Inter-row planting and stubble management affect crown rot, common root rot and grain yield in durum wheat

Andrew Verrell, Steven Simpfendorfer, Paul Nash and Kevin Moore
NSW Department of Primary Industries, Tamworth Agricultural Institute

Take home messages

  • Leave last years cereal residue standing
  • Residue sweeping (straw whippers) can reduce the incidence and severity of Crown rot
  • Sowing between previous cereal rows can reduce the incidence and severity of Crown rot and increase grain yield

Background

The Crown rot (CR) fungus Fusarium pseudograminearum (Fp) survives as mycelium in winter cereal and grass weed residue. Incidence and development of CR are influenced by the interaction between soil and plant water potential (Papendick and Cook 1974; Beddis and Burgess 1992; Verrell 2004), soil nitrogen (N) (Wildermuth et al. 1997a; Felton et al. 1998; Verrell 2004), variety and inoculum level. The disease can kill tillers and whole plants (Wildermuth et al. 1997c) and can also lead to whiteheads – a symptom associated with small or no grain (Burgess et al. 2001). CR has increased in the GRDC northern region since 1985 and this appears linked to the use of susceptible varieties and to the expansion of residue retention systems under zero-tillage (Burgess et al. 2001). Importantly, Dr David Backhouse (UNE) has shown that infection does not occur unless a piece of residue harbouring the CR fungus touches the plant.

The Common root rot (CRR) fungus Bipolaris sorokiniana (Bs) can persist as mycelium in crop and grass weed residues but survives mainly as conidia in soil (Weise 1987). When N is not limiting, CRR can cause yield loss through early infection and reduced tiller density (Verrell, 2004). Severity of CRR was lower where stubble was removed compared with retaining stubble and was also lower under zero-tillage (Wildermuth et al. 1997b).  Reis and Abrao (1983) found more conidia of Bs in soil under conventional tillage versus zero-tillage. Wildermuth et al. (1997b) found Bs inoculum levels were four times higher in soil within previous cereal rows than between previous cereal rows.

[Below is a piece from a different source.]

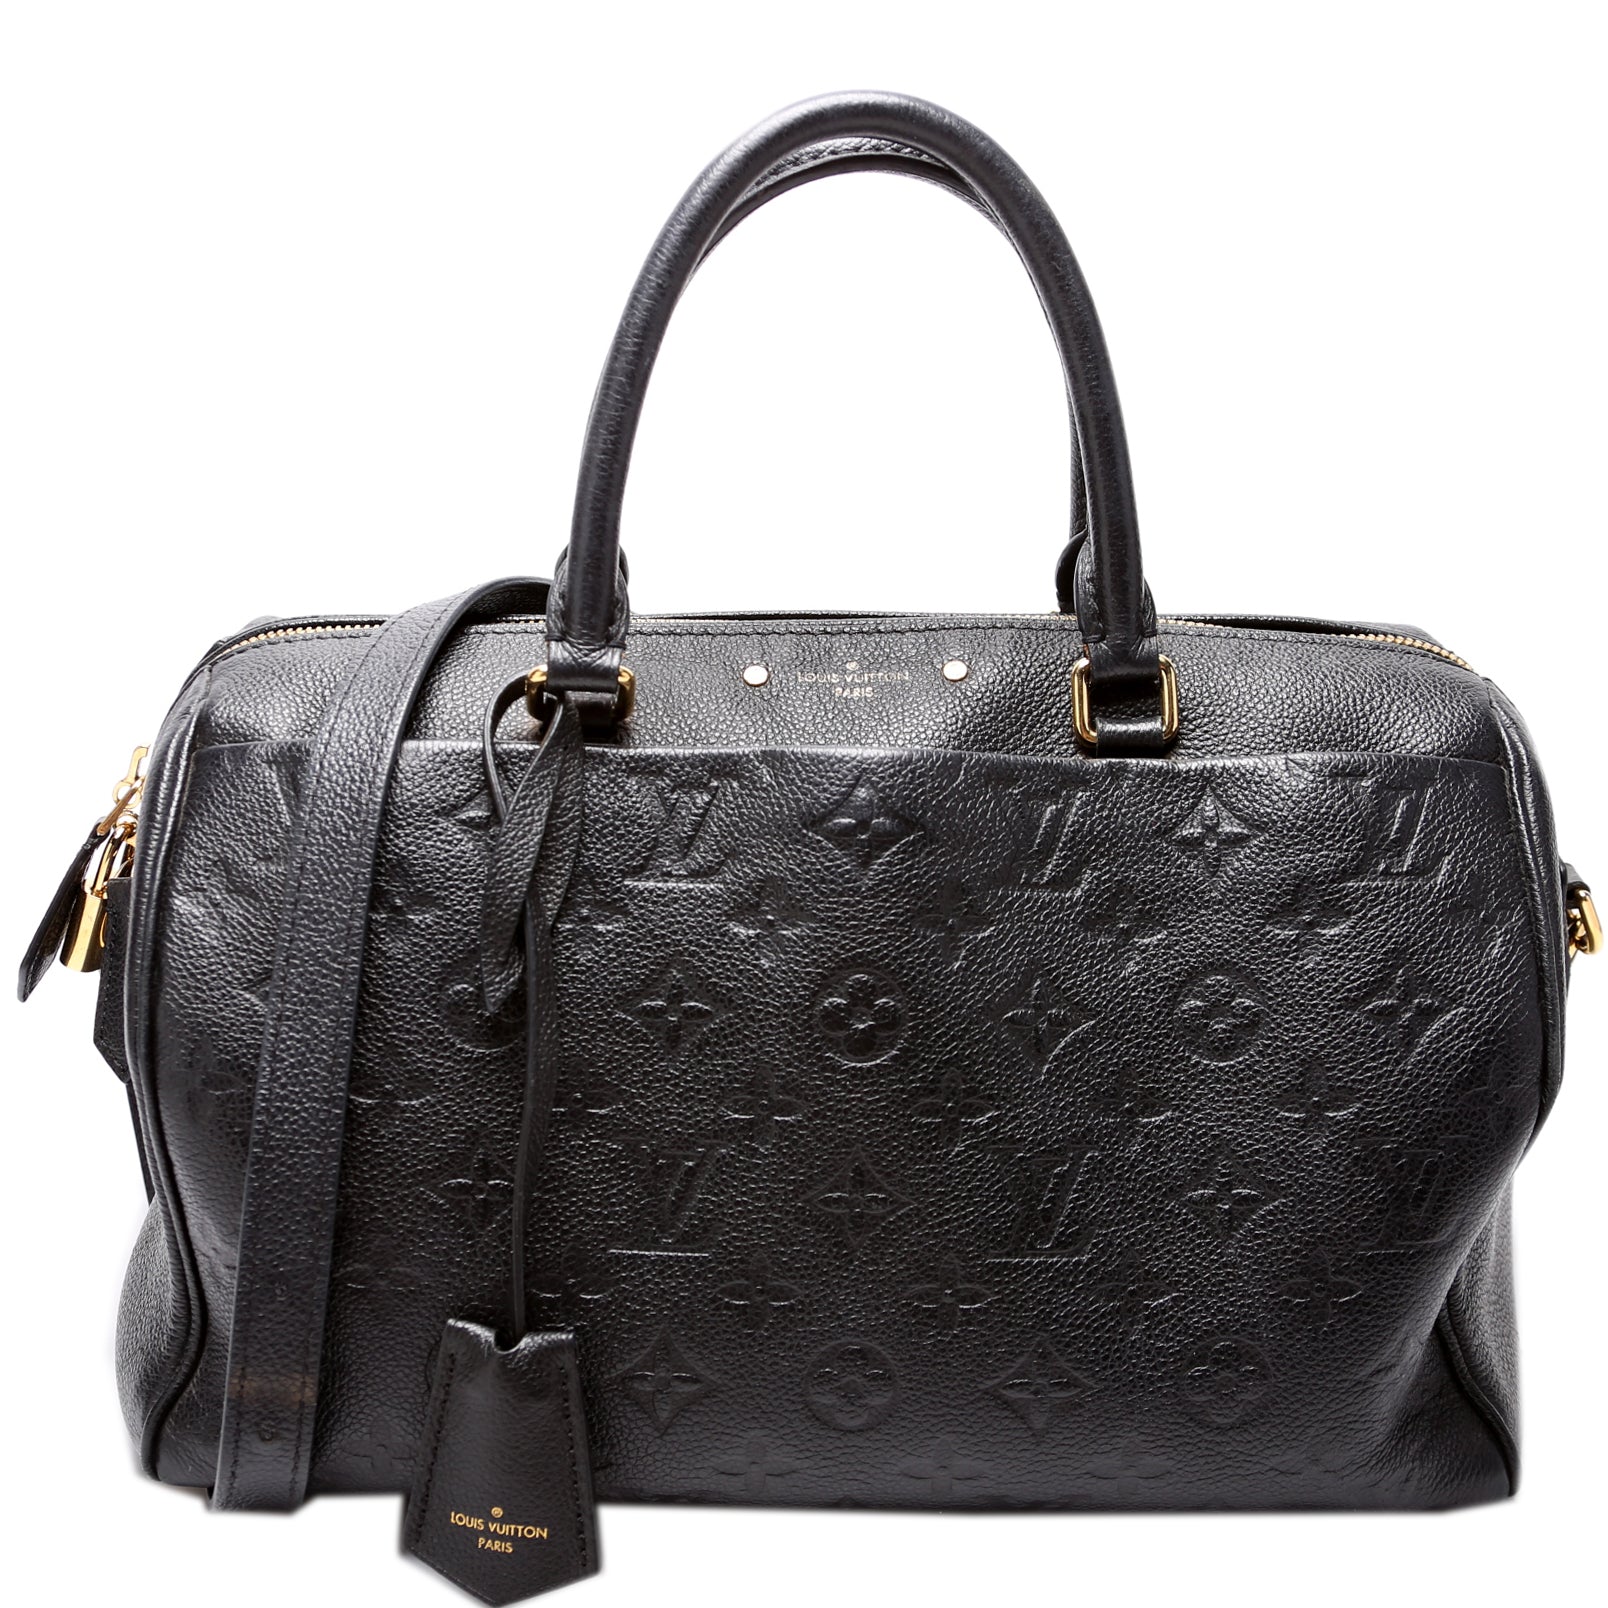 LOUIS VUITTON Speedy 30 Bandouliere Empreinte Leather Bordeaux Handbag

These findings suggest that inoculum of CR and CRR should remain concentrated in the previous cereal rows, providing the cereal residue is not disturbed and redistributed through cultivation. This raises the question: Can this spatial distribution of inoculum be used to reduce disease in a following wheat crop by: (i) deliberately sowing into the inter-row space between the previous stubble rows, and (ii) by manipulating surface residue?

Methods

A replicated field experiment was conducted in 2004 at Tamworth to examine the effect of row placement and stubble management on CR, CRR and yield of durum wheat (cv Bellaroi). The trial was sown into 2003 durum stubble. This stubble was either retained in tact, slashed and removed, or moved sideways with straw whippers. The 5- row plots were either sown between the 2003 rows or on top of them. Pre-sow sampling of the 2003 stubble showed background levels of Fp ranged from 12-60% (mean 40%).  Prior to harvest, severity (symptoms) and incidence (recovery of pathogens) of CR and CRR were determined by counting whiteheads and by plating crowns plus subcrown internode tissue.

Findings

Plant density (mean 63 plants/m2) and tiller density (mean 260 tillers/m2) were unaffected by any of the treatments. Recovery of Bs was very low across this site and was unaffected by either row placement or stubble management (mean 6%). Recovery of Fp was reduced where straw whippers were used (Figure 1a) and where wheat was sown between the previous cereal rows (Figure 1b) compared to other treatments. The high incidence of Fp were the stubble was removed is possibly due to excess fragmentation of the straw due to slashing.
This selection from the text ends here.